“The challenge now is for the NHS to respond to this changing landscape and to focus on preventing as well as treating the conditions which are causing the greatest disease burden across our nation.”
This statement on prevention, delivered alongside the publication of Public Health England’s (PHE) new Health Profile for England report by its Director of Health Improvement, illustrates a decisive shift taking place at the heart of NHS strategy. If we are to prevent the onset of diabetes, avert mental ill-health and avoid multiple chronic co-morbidities, public health priorities like these must become more entrenched within the NHS.
The Health Profile for England is PHE’s most comprehensive report yet into the state of health of people in England today and in the future. It was timed to inform the development of the NHS long-term plan, to aid policymakers in understanding where to prioritise resources in order to prevent ill health.
With almost every NHS speech now considered a major one – the new Health Secretary’s first outing at the Conservative Conference is no exception. A look back at what has been said elsewhere recently indicates that this report may have greater impact on policy development than it would previously have done.
Public health, long considered a distinct policy realm with its own (meagre) budget, had been viewed rather dismissively by the far bigger NHS beast, as rather parochial in its focus, concerned principally with persuading people to kick bad habits.
Belatedly and rather sensibly though, and with senior leadership now championing its reach into the traditional NHS domain, prevention healthcare may become a term with which we are all to become more familiar.
What challenge does the prevention agenda present to industry? Is there an opportunity for industry to demonstrate that contained within this narrative is an implicit call for a rethink in the access to medicines space? What can it teach us about how to drive through reforms to methodology used in medicines assessment and reimbursement?
We know that a focus on public health – preventing people from developing some of the diseases, or at least postponing the age at which these conditions become prevalent, is key to creating the kind of headroom in the NHS budget that would allow it to embrace innovation and extend the reach of personalised medicines. But to what extent does it also present a new angle for the medicines access reform agenda?
If we are (rightly) asking the NHS to make strategic and spending decisions based upon future projections of the healthcare burden, to what extent should its arms-length bodies, such as the National Institute for Health and Care Excellence (NICE)

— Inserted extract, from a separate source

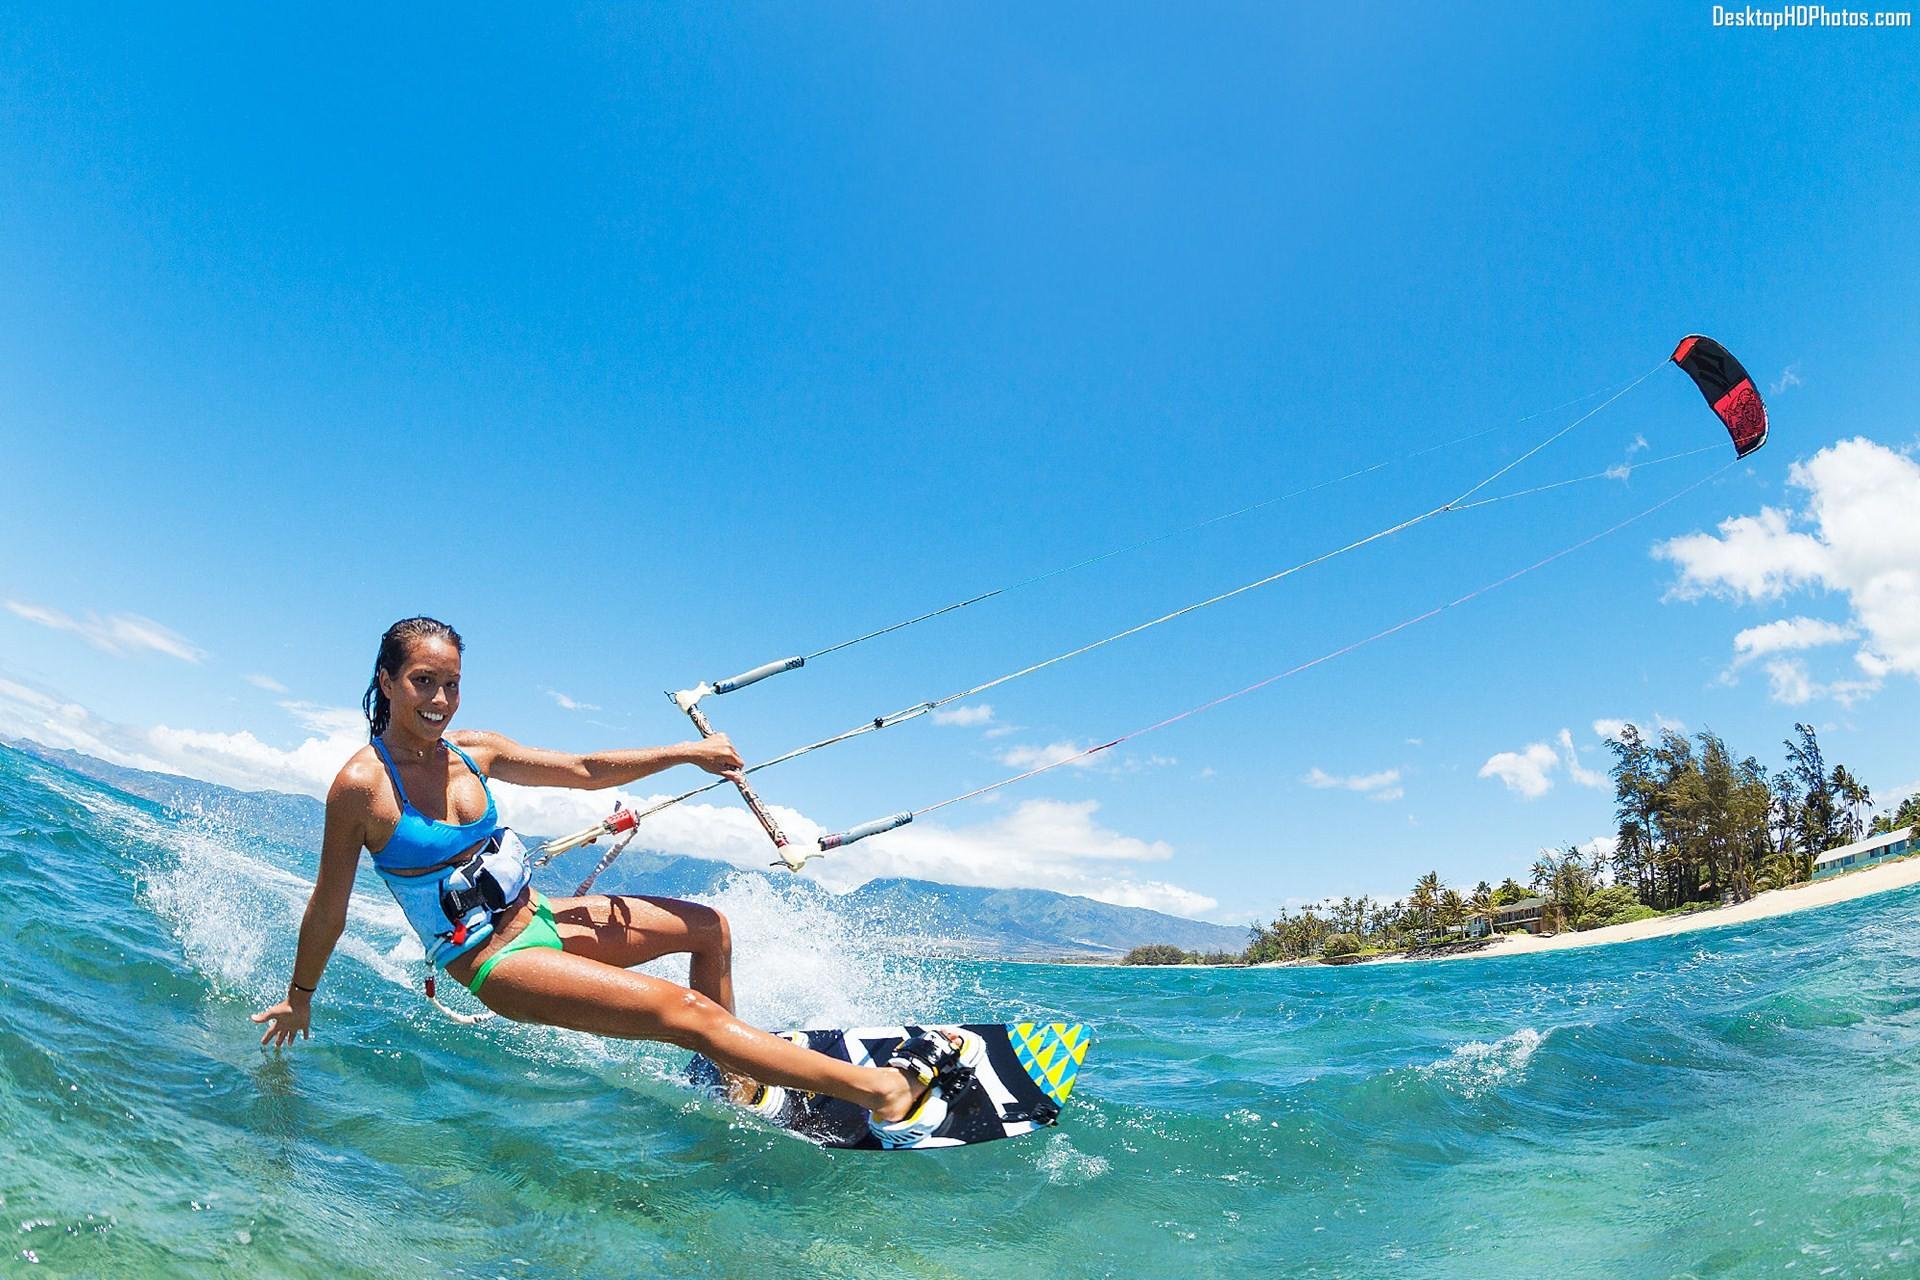 Kite surfing photo

for example, be doing the same?
Understanding the future burden of a rare disease, and the costs to patient, caregiver and society of that future burden is typically very challenging in the rare disease space. Health economic models presented to NICE struggle to show how treatments can lower the cost of cardiac, respiratory or neurological co-morbidities.
For example, consider the future of HIV care. Well over 90% of people on treatment in the UK are virally suppressed – their HIV is undetectable and untransmittable. The aim now is about improving wider health outcomes; making new treatments available so that people living with HIV are not unnecessarily exposed to an increased risk of cardiovascular or renal disease.

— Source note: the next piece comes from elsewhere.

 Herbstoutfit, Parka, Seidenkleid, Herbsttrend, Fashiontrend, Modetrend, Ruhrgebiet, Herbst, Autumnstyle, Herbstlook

Or in chronic pain, does this new focus strengthen the case for treating more, treating earlier, if it prevents other ill-health developing? We know that we are short on measures for making a value judgement on a product that is likely to have a beneficial impact on the mental health of the patient, let alone the caregiver.
Value-based healthcare, which involves taking a whole system approach and long-term view of where to focus resources, has been a growing concept within NHS in recent years. As the integration agenda takes shape too, the NHS may begin to have the structure for prevention healthcare to take hold.

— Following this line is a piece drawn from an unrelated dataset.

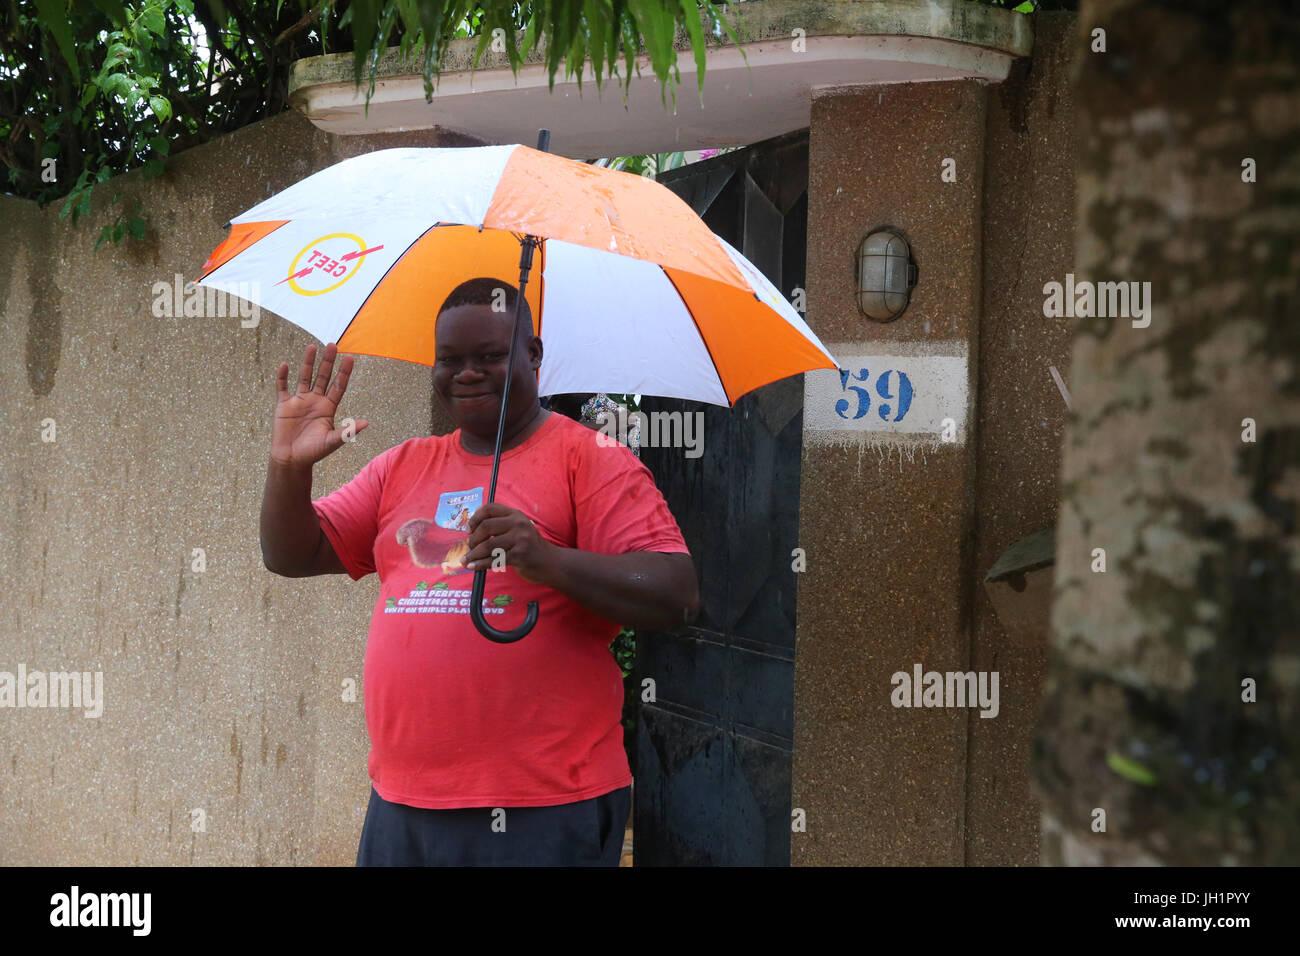 Afrikanischen jungen mit Regenschirm.  Lome. Togo. Stockbild

One important figure who certainly agrees that the prevention narrative has not received due attention over the last few years is the incoming Chair of NHS England, Lord Prior. Sitting squarely within his commitment to integration, he acknowledges that prevention medicine has faltered.
In his confirmation hearing before the Health and Social Care Select Committee, Lord Prior compared the new NHS 10-year plan to the last of its kind – the Five Year Forward View (FYFV) – speculating that where the first document was a vision, this piece is more about implementation – making the changes (including, whisper it, legislative ones) needed to bring the vision forward. But it is also about recognising the failures of the FYFV, including an under-valuing of the role of prevention healthcare.
Any new direction, of course, needs the energised involvement of the Secretary of State. The NHS 10-year plan is the result of Jeremy Hunt’s determination to secure a long-term funding settlement. His successor, whose strengths and focus initially seem to lie elsewhere, must maintain close oversight.
With five years of funding attached to this plan, its strategic importance cannot be overstated. But with no specific medicines access piece in the document, industry can seek to own and shape the prevention medicine narrative, especially given the focus of pharmaceutical and med tech innovation on the value their products bring to reducing healthcare deterioration costs.